Jeff: Well, when Spotify can charge you $9.95, or I think for the version with commercials is free, and there are two or three units an hour, that is a bargain. It’s a great bargain for the consumer. But nobody’s proven that the distributor can make any money on that business. 

Andy: Something has to give. Doesn’t it? 

Jeff: Yeah, it does. You saw it give with Netflix losing 40% of its value. What happens is the bubble bursts. Wall Street loves what Wall Street loves, and all these things are based on “This is the Future.” This is the wave; streaming is the wave; podcasting is the wave. Then people start to look and say, you know, they’ve been doing this for ten years, and nobody’s making any money. 

Rick: I think subscriptions are an elegant solution. But there’s a story every week or two about how consumers are oversubscribed and starting to lose their patience and cut back on things. 

Jeff: A year ago, we talked about the brave new world of video streaming, and you had Paramount Plus, Disney Plus, Netflix, Hulu, Discovery Plus, and Peacock. The problem is all of them are saddled with massive content costs. We are seeing the same thing in sports, Andy. The first experiment is people cutting the bundles. I haven’t gotten into sports, but one anecdote sums up the entire sports business. You’ve got an 85-year-old grandmother in Pasadena who is a cable subscriber. She’s got a $100-a-month cable bill. She’s paying $10 a month for ESPN, $6 a month for the Dodgers, $4 a month for the Lakers and the Angels, $3 a month for the Kings and the Ducks and $1 for the PAC 12 Network. She’s got basically over $30 in subscriptions to sports that she’s paying as part of her cable bundle. She doesn’t know the Dodgers left Brooklyn.

The reality is all of sports in America are built on that bundle. But the idea is that sports get 100% of the consumers to pay for what 30% care about. As that bundle breaks apart with cable-nevers or cord-cutters, then that market for sports starts to decline. The best example is ESPN. At its peak, ESPN had 105 million homes paying $10 monthly for ESPN. Today, it’s 75 million homes. Well, if you want to look at ESPN’s challenges, you lose 30 million a month at ten bucks a month, and you’ve got challenges. Now the regional sports networks are saying if I used to have a million subs for Detroit Tigers baseball at $5 a month. Now I’m down to 750,000 subscribers. How do I make it up? They’re trying to go direct with streaming services. But the problem is to make the math work out, they have to charge people $20 a month. The Red Sox were the first ones. They’re charging people $30 a month. Even if you’re the world’s biggest Red Sox fan, you ain’t dying to pay 30 bucks a month. 

Rick: The problem is this unbundling and cord-cutting is growing. At the same time, competition and fragmentation are increasing. 

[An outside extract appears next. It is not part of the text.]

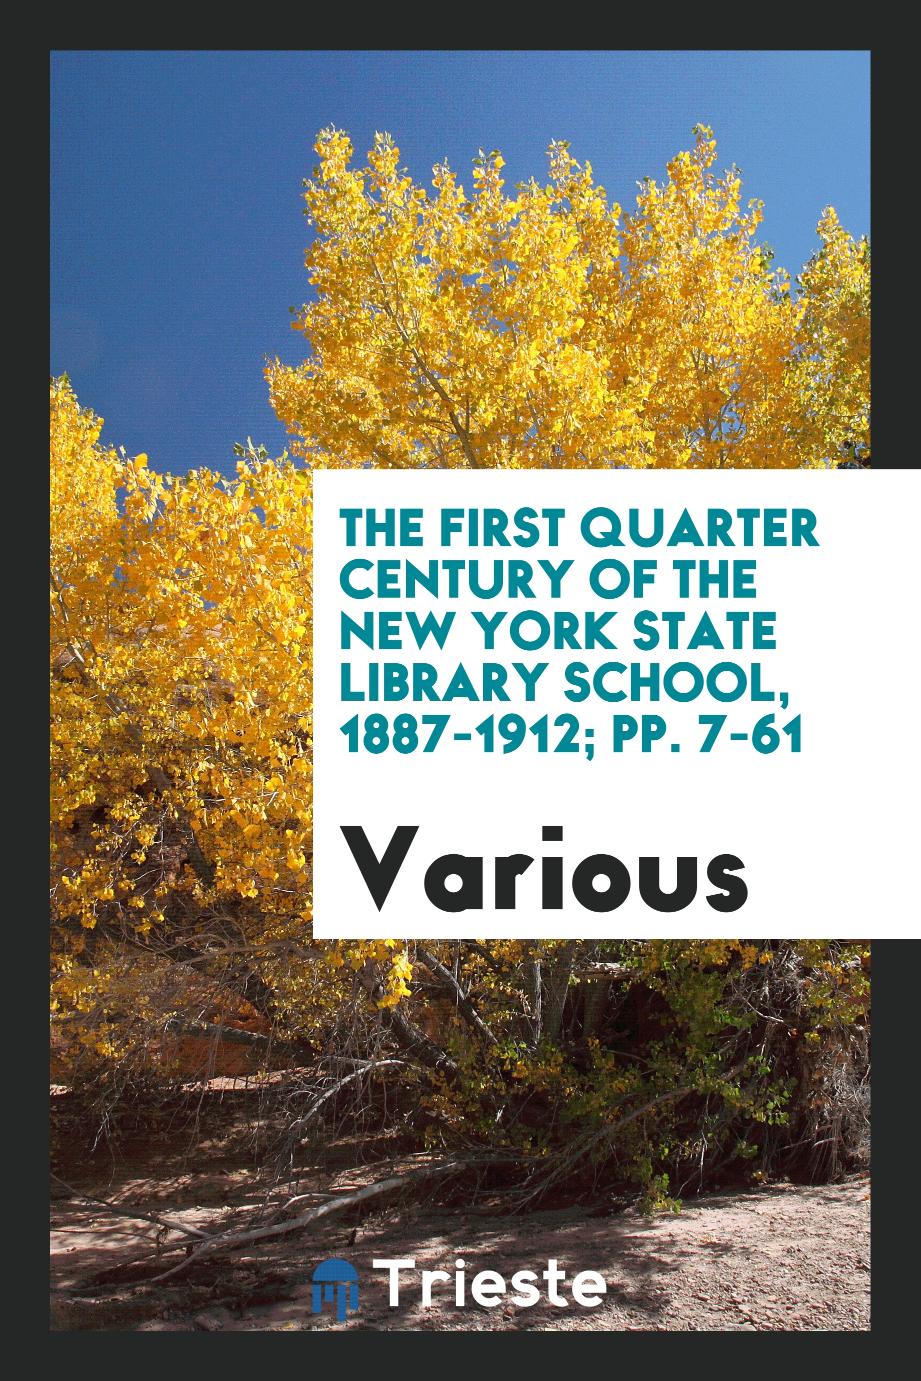 The First Quarter Century of the New York State Library School, 1887-1912; pp. 7-61
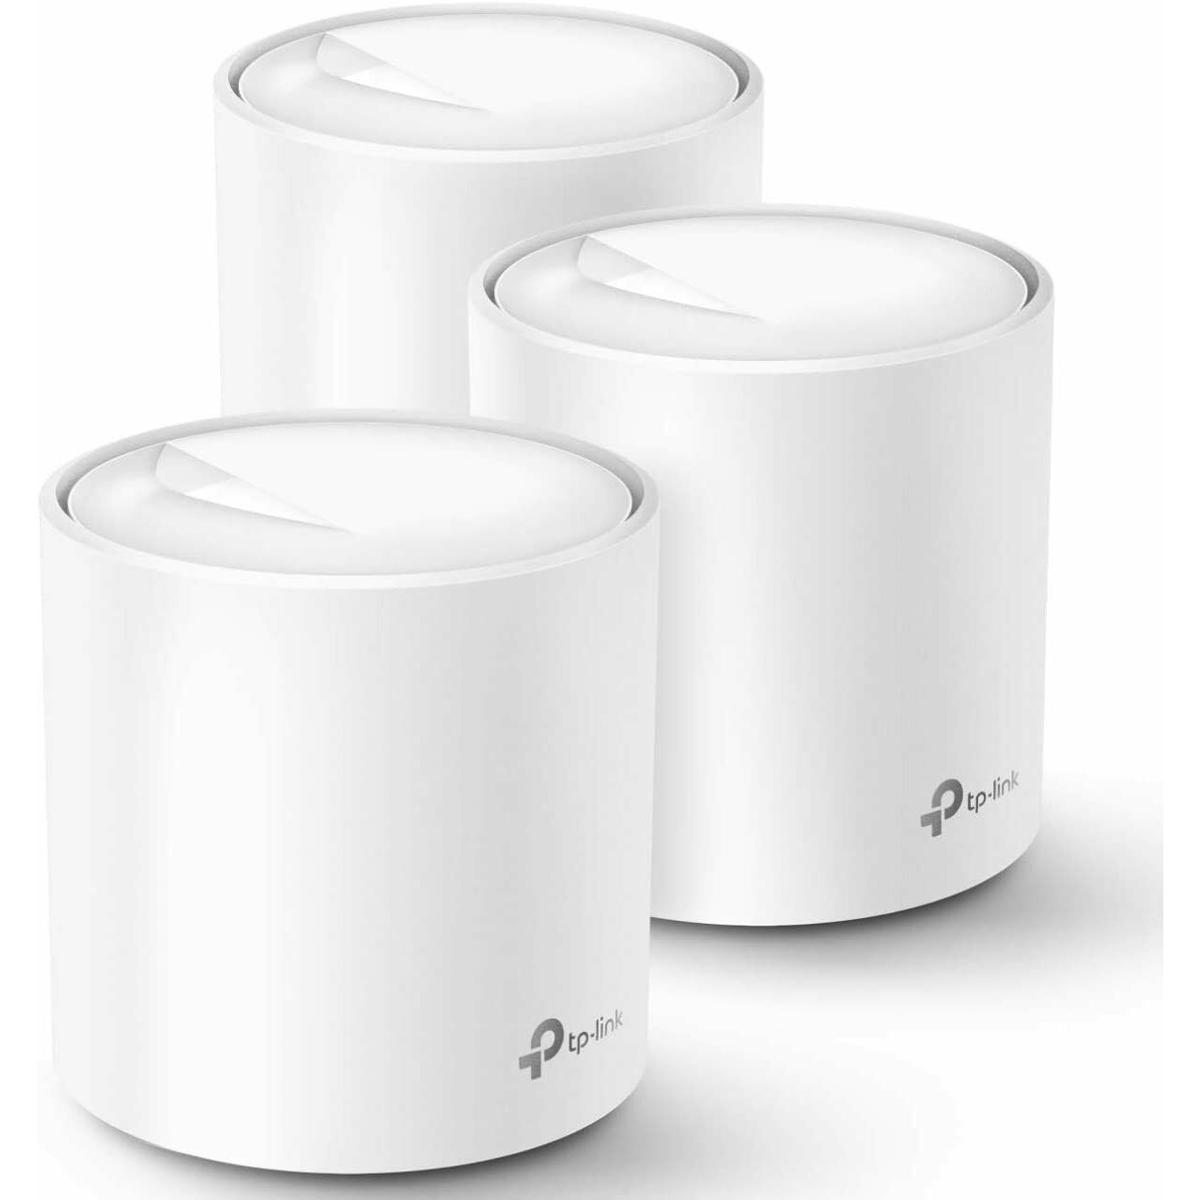 3 TP-Link Deco WiFi 6 Mesh WiFi System for $137.69 Shipped

Jeff: The churn rate on all this stuff is staggering. The joke was when HBO got done with one of its series, it lost 30% of its customers. So you’ve got to hook them with something else. 

Andy: That happens every time HBO loses a hit going way back. They keep having to crank out a hit before they end a hit or they’re in trouble. 

Jeff: The problem is it’s very expensive, and it’s very tough to know what will be a hit. 

Rick: I’m sure there have been a lot of conversations at Netflix over the past year. Oh, my God, where’s our next “Squid Games” coming from?

Andy: You’re right. They don’t know what will be a hit because I don’t think anybody there really thought “Squid Games” would become a cultural phenomenon. 

Rick: Right. Absolutely. That’s right. 

Jeff: The problem is they are just throwing enough stuff against the wall to try to create something that works. 

Andy: For sure. Let’s come back to radio with the benefit of hindsight. Let’s create two columns. What did the industry get wrong or should have done differently? And what would you have done differently with Emmis? 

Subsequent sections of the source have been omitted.